Indian-origin chairman and chief investment officer of GQG Partners, Rajiv Jain, is urging investors to reconsider their bets on AI stocks.
Jain, who has been in the market for decades and remembers the dot-com crash, sees some troubling similarities between the AI frenzy today and the internet bubble of the late 1990s.
In a recent interview with Barron’s, Jain explained why he sold off stocks like Nvidia, Google, and Amazon, and shifting to more defensive investments.
Why did he sell off Nvidia and Google shares?
Jain is taking a step back from some of the biggest names in tech. Earlier this year, he sold off Nvidia, Alphabet, and Amazon, while reducing his stake in Microsoft.
While he admits he might have been early in making these moves, he feels the risks are growing too large.
“I’ve already sold off Nvidia, Alphabet, and Amazon, and trimmed my position in Microsoft,” Jain told Barron’s. “I have been early before, but this feels different. It is a one-way bet on AI, with decelerating growth and narrowing margins. That’s why I have moved my capital into more defensive stocks.”
For Jain, AI still lacks the qualities that made past technologies, like cloud computing, successful in the long run. “This is dot-com all over again, with no sustainable profits,” he explained to Barron’s
Shifting focus to defensive stocks
Jain is shifting his portfolio toward more defensive investments. “I’m focusing on companies with real moats and sustainable cash flows,” he added. “I have moved my capital into more defensive stocks, away from the speculative nature of the AI space.”
Jain’s cautious approach shows that he is not ready to fully buy into the AI hype. He understands AI’s potential, but Jain believes that it is still too early to treat it as a safe bet.
“I’m always open to investing ahead of the curve, but that only makes sense when there are real barriers to entry, network effects, and switching costs. Right now, AI has none of that,” Jain stated.
Dot com crash and AI boom
Jain believes the current AI boom is based on unsustainable business models, similar to the companies that collapsed during the dot-com crash. He points to OpenAI’s business as an example.
“OpenAI’s model is flawed because it doesn’t scale well,” Jain told Barron’s. “Less than 3% of their customers are paying. That’s unlikely to change, especially with a high percentage of customers in price-sensitive emerging markets.”
The problem, according to Jain, is that AI models are costly to run. “Every query is compute-intensive, and the companies who use AI the most are likely to produce low-margin revenue. This is why I think their cash losses will continue to mount.”
Financial tricks around AI sector
Jain is also worried about the financial tricks happening behind the scenes in the AI sector. He points to deals like Nvidia’s investment in CoreWeave, a cloud computing firm that then buys GPUs from Nvidia, creating a circular flow of capital that inflates revenues and margins without adding real value.
“In some ways, these deals are creating the illusion of growth and profitability,” Jain explained to Barron’s. “Nvidia invests in CoreWeave, CoreWeave buys GPUs from Nvidia, and Nvidia guarantees future purchases from CoreWeave. It is a circular flow of capital that boosts revenue and inflates margins without any true underlying value being created. This is exactly what we saw during the dot-com era with Cisco, Lucent, and Global Crossing.”
He also points out how the AI sector’s inflated financials are misleading investors. “The numbers are not being looked at with enough skepticism,” Jain adds.
“The impact is to inflate margins and boost earnings for the S&P 500, making the market look healthier than it really is.”
Concern over AI bubble
Jain is deeply concerned that the AI bubble, once it bursts, could cause significant damage.
“If OpenAI blows up, this AI story is over,” he warned. “Even Nvidia doesn’t have $100 billion in free cash flow. They had $60 billion last year. The impact of an AI unraveling would be severe, and markets need capital expenditure (capex) growth for this bullishness to continue.”
Jain also points out the broader risks of pouring huge sums into AI and semiconductors, technologies that may become obsolete within a few years.

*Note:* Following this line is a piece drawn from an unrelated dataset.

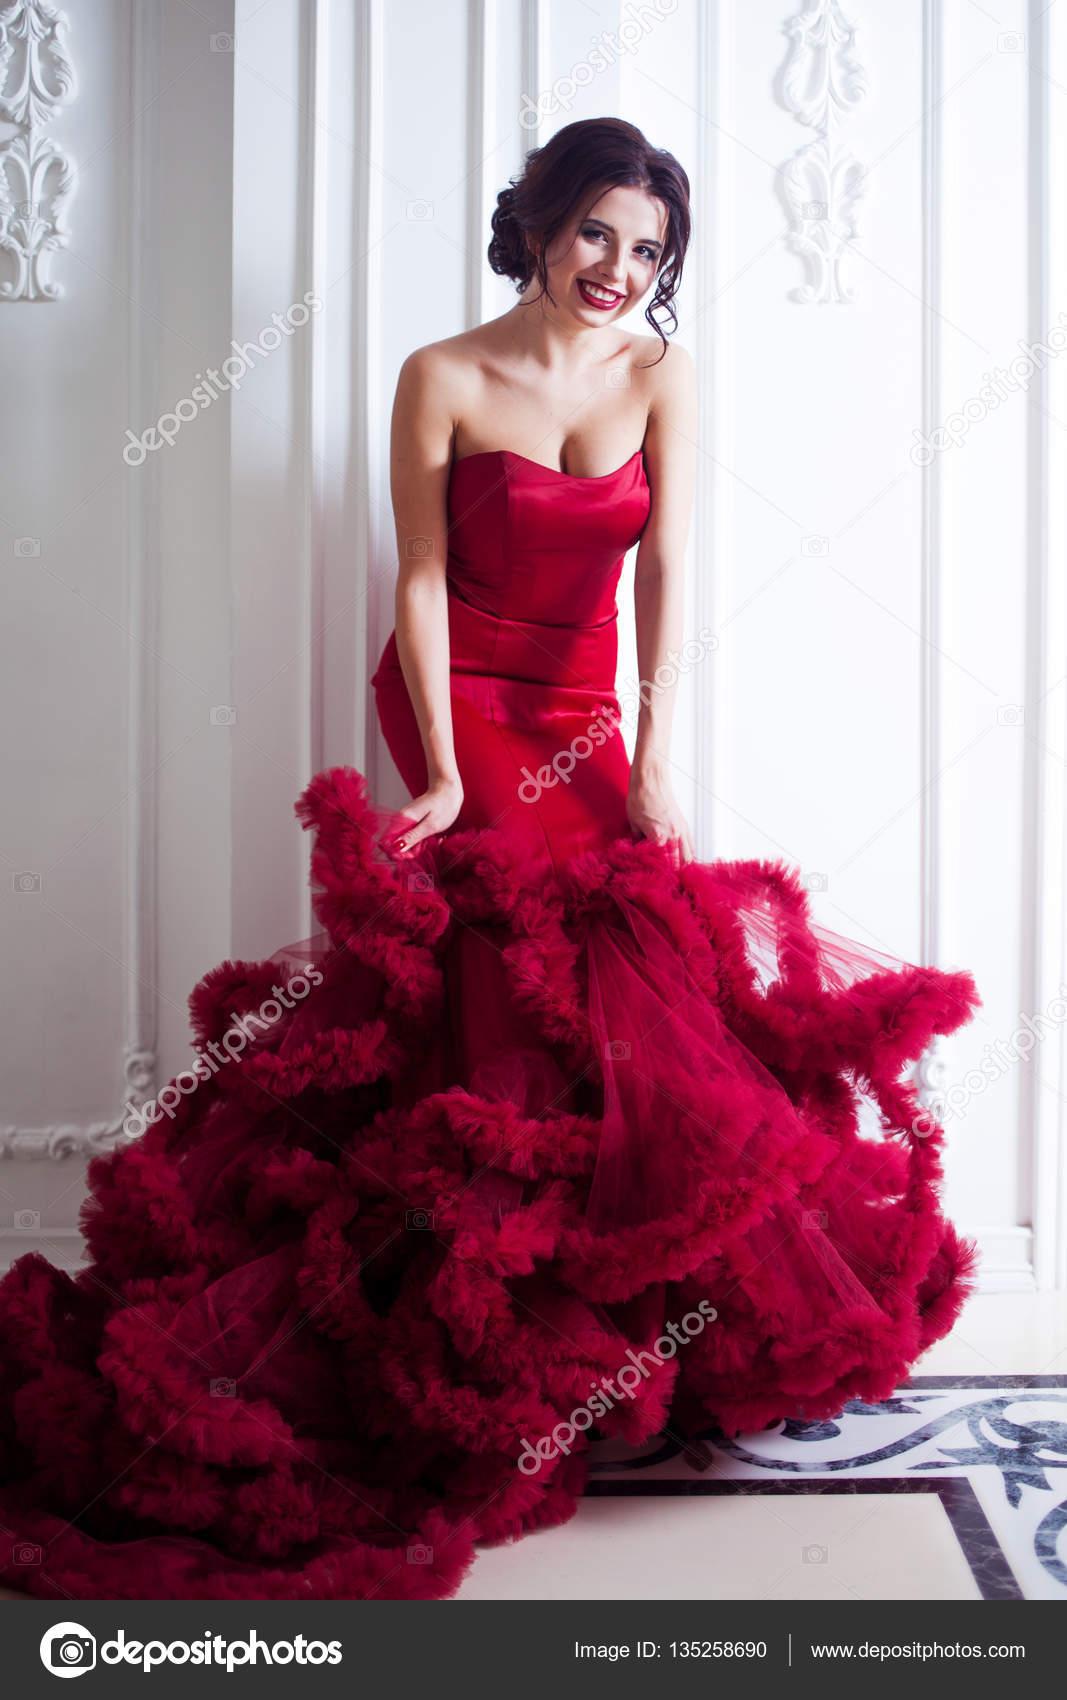 b25da560d27 Robe de beauté Brunette modèle femme en rouge de la soirée. Belle mode luxe  maquillage et coiffure

“Spending over a trillion dollars on a nascent technology like AI and chips that are useless in three years takes that investment away from other promising technologies,” he said.
Another factor worrying Jain is the fierce competition in the cloud space, which is crucial for AI’s growth. He notes that cloud computing is becoming a less profitable market, with increasing competition from smaller providers like Oracle.

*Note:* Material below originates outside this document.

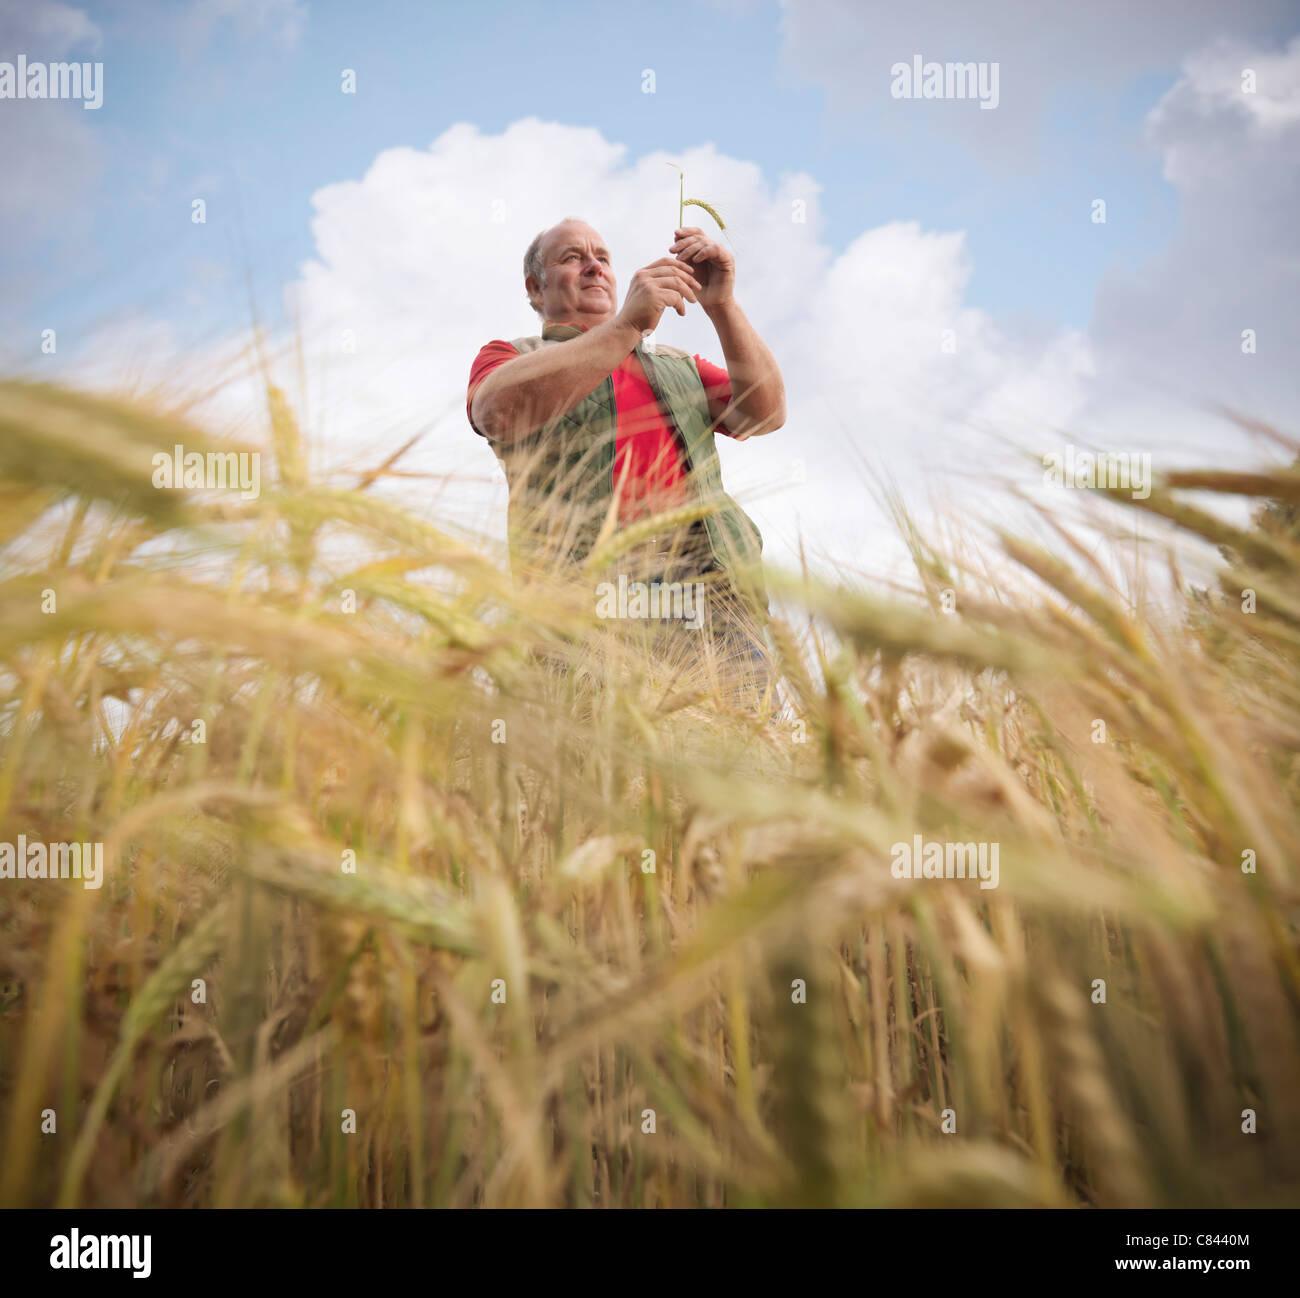 Farmer examining barley stalks in field - Stock Image

“80% of large enterprises in the U.S. have multiple cloud providers. The price war is heating up, with GPU rental prices already down by 20% in Q3. The margins in cloud computing are eroding fast,” Jain warned.

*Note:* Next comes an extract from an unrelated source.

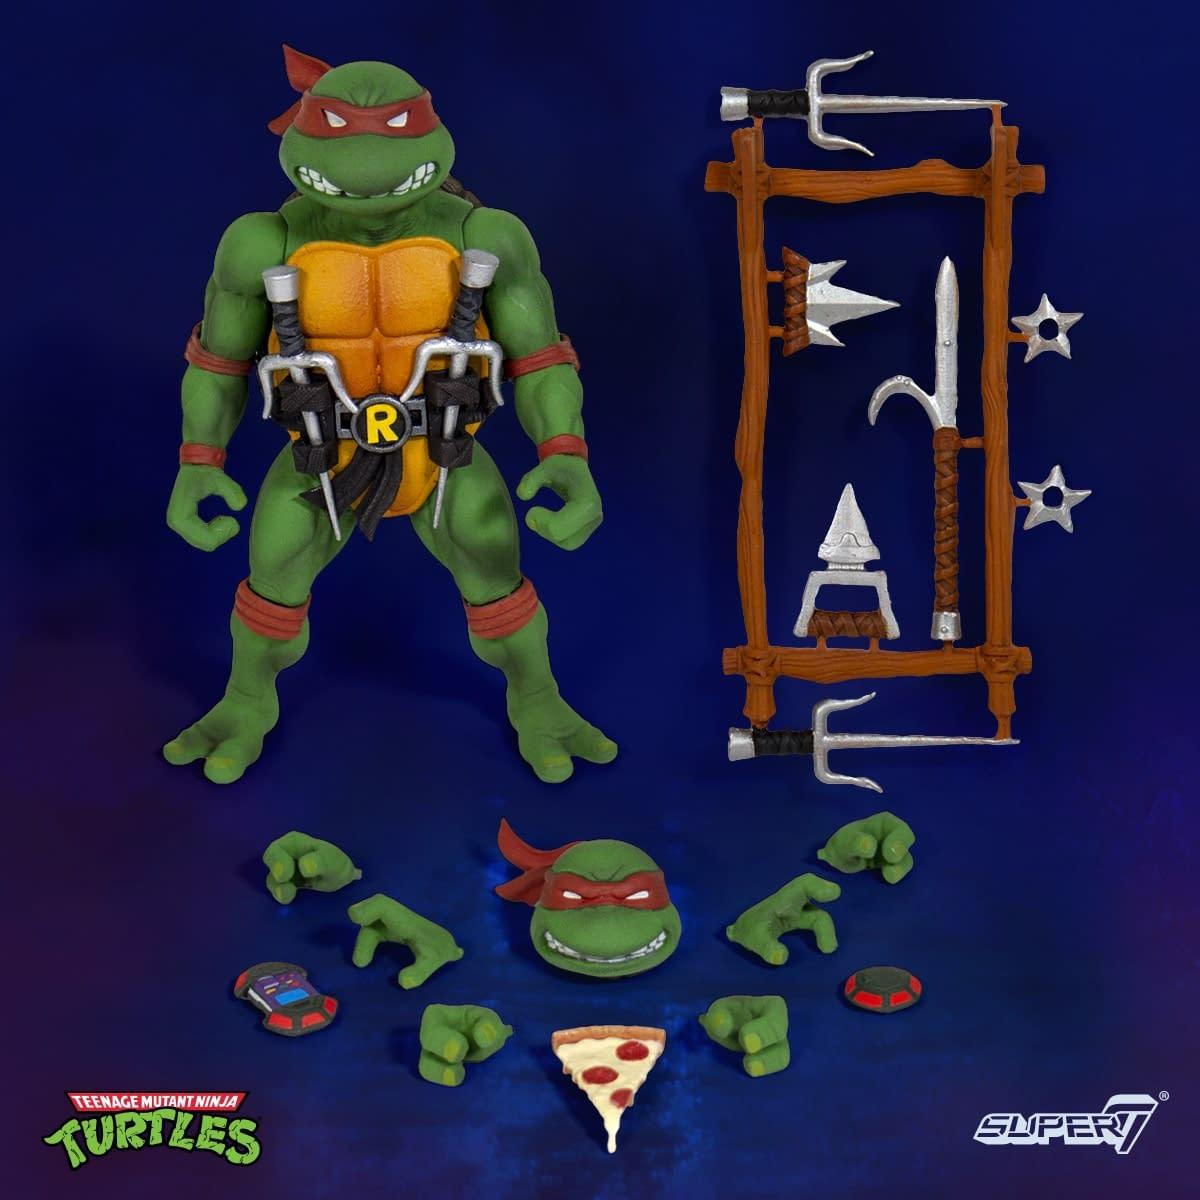 Teenage Mutant Ninja Turtles Super 7 Figures Revealed

“AI isn’t usable for mission-critical purposes yet,” Jain explained. “We talk to large companies all the time, and almost none are planning to spend big on AI. They see it as a glorified tool — useful, but not life-changing.”
Jain acknowledges that AI will have disruptive effects in areas like coding or insurance; he does not believe it will revolutionise industries anytime soon. “If AI goes away tomorrow, my life wouldn’t change much. It’s not as transformative as some would have us believe.”